Sedangkan gadis berhijab bernama Yaya itu hanya diam. Kepalanya menunduk dalam dengan tangan yang mengepal. Dirinya benar-benar tidak terima dengan perkataan Halilintar.
"Tapi Hali--"
"BERHENTI MENJADIKAN MISI SEBAGAI ALASAN! KAU PIKIR AKU TIDAK TAU TUJUAN MU MELAKUKAN SEMUA MISI ITU!" Yaya terdiam ketika Halilintar membentaknya. Ini bukan pertama kalinya bagi Yaya. Bahkan saudara Halilintar yang lain pun sudah sering mengatakan hal itu.
"Aku sudah bilang bukan? Aku tidak akan berhenti melakukannya" Yaya tetap teguh dengan pendiriannya. Halilintar tau apa yang ia katakan hanyalah angin lewat untuk gadis itu.
"Hanya di saat misi Hali! Aku bisa--"
"Mencari Taufan?" Perkataan Yaya di potong begitu saja oleh Halilintar. Gadis itu mengeratkan kepalan tangannya. Semua misi yang ia lakukan memang hanya untuk mencari Taufan.
"Sudah 5 tahun berlalu Yaya.. dia sudah--"
"Dia masih hidup Hali!"
"BUKALAH MATAMU YAYA! KAU LIHAT SENDIRI BUKAN?! DIA SUDAH TIADA! MENJADI SERPIHAN CAHAYA! DAN SAAT ITU KITA BERADA DI SANA YAYA! MENYAKSIKAN SEMUANYA TERJADI!"

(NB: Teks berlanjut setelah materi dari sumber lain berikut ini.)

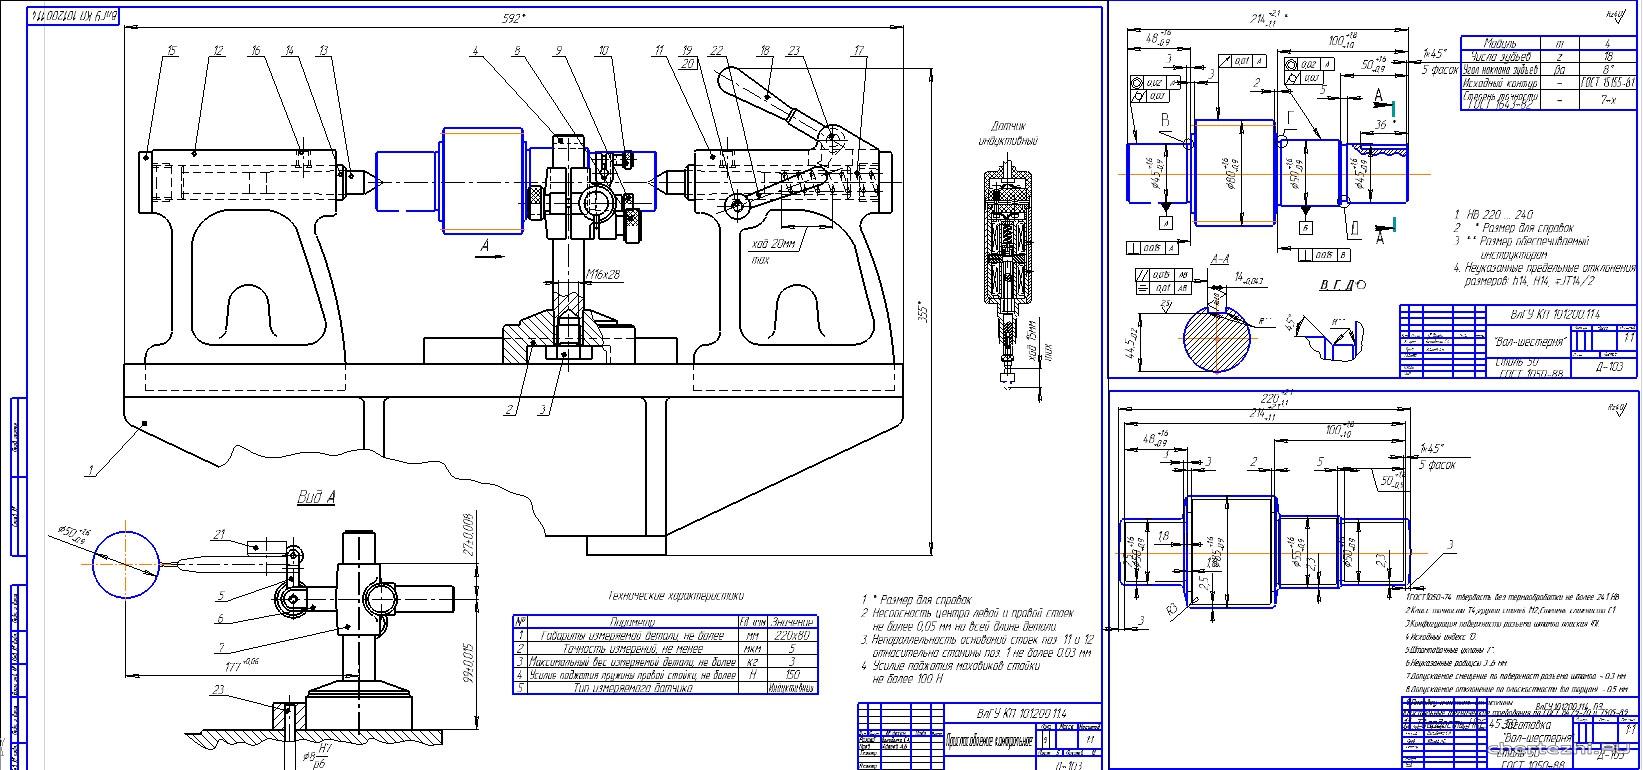 Курсовая работа по теме Удосконалення технологічного процесу ремонту комплекту агрегатів автомобіля КамАЗ-5511, річна програма 100 комплектів

"Kau salah Hali.. dia masih hidup.. aku bisa merasakannya" Halilintar lelah. Jawaban yang Yaya berikan selalu sama. Tidak pernah berubah.
"Terserahmu saja" Halilintar memilih pergi ke kamarnya. Meninggalkan Yaya yang hanya diam berdiri di tempatnya.
"Kau sendiri berusaha menyangkal kematiannya bukan?" Langkah Halilintar terhenti. Manik ruby miliknya menatap Yaya dengan tatapan tajam.
"Apa maksudmu?" Halilintar mendesis namun itu tidak sedikitpun menyurutkan keberanian Yaya.
"Aku bilang kau sendiri juga menyangkal kematian Taufan bukan? Kalau tidak untuk apa kau berada di ruangan ini?" Halilintar kehabisan kata-kata. Ia tidak bisa menyangkal perkataan Yaya.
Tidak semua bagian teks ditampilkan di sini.